__DATA UNDER STUDY__:
=-=-=

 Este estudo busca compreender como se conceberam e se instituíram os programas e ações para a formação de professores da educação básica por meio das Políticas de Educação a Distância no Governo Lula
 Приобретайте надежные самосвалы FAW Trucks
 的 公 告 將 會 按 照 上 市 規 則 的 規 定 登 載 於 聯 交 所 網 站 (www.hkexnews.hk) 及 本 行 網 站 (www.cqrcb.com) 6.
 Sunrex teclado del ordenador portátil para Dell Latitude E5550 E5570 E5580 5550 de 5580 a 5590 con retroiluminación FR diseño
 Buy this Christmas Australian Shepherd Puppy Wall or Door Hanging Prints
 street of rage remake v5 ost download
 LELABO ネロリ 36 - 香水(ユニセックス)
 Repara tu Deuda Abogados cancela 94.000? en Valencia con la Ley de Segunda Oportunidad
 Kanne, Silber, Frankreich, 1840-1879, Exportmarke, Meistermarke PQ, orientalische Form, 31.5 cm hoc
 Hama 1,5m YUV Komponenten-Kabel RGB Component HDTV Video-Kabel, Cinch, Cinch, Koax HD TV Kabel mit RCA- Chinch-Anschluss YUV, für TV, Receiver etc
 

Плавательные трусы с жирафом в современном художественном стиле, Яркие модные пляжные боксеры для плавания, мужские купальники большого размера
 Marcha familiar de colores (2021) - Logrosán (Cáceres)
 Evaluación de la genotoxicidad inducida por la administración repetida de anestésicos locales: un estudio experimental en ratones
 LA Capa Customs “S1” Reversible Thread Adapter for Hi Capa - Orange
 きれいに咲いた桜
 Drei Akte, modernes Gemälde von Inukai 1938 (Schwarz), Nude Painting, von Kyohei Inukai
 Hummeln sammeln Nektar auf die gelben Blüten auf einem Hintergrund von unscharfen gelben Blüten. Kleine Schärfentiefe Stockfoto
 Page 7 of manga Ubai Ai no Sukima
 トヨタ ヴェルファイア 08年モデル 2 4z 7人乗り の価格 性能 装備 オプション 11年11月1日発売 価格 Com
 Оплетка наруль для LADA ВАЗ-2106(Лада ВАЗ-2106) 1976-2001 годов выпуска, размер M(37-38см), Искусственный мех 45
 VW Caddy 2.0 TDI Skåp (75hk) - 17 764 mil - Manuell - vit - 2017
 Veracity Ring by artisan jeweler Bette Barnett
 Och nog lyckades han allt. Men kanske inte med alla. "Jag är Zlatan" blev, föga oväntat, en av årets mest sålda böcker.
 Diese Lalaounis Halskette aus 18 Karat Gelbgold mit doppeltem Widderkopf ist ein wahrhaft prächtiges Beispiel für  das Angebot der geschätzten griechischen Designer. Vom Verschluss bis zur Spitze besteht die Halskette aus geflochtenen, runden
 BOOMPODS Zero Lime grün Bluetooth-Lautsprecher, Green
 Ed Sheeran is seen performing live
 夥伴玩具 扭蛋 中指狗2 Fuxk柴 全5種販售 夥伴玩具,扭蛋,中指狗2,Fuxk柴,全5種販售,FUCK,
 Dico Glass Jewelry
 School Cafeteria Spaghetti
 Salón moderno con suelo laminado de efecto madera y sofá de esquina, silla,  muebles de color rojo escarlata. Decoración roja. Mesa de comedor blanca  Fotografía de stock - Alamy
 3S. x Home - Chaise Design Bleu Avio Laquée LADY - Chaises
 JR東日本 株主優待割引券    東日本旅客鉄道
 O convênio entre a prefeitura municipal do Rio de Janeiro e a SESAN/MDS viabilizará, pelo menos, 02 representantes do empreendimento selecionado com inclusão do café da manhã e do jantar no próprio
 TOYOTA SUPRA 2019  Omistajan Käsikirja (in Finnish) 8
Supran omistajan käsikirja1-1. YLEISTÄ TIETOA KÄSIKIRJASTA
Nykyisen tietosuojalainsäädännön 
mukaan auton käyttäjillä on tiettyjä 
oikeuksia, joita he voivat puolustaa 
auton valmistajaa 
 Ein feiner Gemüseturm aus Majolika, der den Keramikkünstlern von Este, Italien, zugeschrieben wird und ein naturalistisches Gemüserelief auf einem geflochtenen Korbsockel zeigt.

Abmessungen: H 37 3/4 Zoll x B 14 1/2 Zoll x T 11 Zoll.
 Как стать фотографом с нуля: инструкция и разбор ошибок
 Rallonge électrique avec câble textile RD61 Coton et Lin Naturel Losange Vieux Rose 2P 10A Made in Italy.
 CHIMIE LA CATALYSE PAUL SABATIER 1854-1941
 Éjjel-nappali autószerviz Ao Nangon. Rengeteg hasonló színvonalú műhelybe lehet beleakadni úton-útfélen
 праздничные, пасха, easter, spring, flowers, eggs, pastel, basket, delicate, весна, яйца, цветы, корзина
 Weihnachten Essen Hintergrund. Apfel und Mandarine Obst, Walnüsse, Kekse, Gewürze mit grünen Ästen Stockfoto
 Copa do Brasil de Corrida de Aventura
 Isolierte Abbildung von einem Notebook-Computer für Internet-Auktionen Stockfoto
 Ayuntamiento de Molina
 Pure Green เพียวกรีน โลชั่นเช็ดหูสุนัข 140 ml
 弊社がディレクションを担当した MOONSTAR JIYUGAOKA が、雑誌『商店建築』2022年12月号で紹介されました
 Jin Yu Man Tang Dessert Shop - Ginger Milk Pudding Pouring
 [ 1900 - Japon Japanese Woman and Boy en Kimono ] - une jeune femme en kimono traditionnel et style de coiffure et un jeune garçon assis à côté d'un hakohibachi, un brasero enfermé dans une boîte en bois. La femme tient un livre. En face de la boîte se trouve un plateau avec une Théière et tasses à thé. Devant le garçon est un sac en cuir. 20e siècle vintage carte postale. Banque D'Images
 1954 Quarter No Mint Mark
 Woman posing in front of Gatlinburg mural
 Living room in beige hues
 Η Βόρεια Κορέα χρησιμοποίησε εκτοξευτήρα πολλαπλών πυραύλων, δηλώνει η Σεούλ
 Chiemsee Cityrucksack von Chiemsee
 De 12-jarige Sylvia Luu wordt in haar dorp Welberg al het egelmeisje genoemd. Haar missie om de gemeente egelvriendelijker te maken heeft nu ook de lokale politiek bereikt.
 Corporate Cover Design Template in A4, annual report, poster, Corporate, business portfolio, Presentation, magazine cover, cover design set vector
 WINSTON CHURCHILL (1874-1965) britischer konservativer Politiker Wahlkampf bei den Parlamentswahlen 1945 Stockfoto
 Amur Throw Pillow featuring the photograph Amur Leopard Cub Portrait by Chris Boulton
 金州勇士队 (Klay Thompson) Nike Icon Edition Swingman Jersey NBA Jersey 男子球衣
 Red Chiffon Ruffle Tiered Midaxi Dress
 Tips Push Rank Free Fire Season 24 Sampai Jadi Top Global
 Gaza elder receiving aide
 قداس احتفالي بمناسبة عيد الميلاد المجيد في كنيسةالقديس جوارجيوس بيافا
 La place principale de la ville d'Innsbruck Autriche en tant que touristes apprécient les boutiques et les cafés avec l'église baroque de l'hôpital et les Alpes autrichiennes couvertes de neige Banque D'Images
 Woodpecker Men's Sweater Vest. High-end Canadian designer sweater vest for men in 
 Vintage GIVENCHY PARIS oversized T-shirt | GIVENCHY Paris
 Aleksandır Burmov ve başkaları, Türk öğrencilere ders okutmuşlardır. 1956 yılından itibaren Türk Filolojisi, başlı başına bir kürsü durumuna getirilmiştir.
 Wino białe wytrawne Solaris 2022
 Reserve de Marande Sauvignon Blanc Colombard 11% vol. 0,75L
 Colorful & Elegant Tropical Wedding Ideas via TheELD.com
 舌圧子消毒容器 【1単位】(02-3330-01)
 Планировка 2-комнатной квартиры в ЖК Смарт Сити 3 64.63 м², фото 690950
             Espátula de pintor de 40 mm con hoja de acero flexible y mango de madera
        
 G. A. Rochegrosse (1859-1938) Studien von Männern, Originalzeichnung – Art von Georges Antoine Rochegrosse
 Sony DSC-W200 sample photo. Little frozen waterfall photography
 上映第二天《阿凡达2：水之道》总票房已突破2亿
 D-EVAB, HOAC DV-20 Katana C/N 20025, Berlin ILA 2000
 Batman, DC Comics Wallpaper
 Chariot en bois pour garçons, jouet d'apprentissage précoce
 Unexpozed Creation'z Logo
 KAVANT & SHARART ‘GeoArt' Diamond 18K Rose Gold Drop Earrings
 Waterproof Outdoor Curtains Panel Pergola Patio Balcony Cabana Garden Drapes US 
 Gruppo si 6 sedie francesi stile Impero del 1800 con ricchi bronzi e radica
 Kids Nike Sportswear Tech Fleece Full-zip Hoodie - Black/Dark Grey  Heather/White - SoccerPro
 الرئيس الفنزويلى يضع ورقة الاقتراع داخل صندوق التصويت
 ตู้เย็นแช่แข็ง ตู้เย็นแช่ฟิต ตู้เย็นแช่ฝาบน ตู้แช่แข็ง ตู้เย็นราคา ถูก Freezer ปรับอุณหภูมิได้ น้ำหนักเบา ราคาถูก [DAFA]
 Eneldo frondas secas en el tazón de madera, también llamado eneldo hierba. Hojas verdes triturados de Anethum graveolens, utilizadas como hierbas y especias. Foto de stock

=-=-=

__EXERCISE AIM__:
Gather all lines from the records above in which "auton" appears.

__SOLUTION TO THIS PROBLEM__:
mukaan auton käyttäjillä on tiettyjä 
auton valmistajaa 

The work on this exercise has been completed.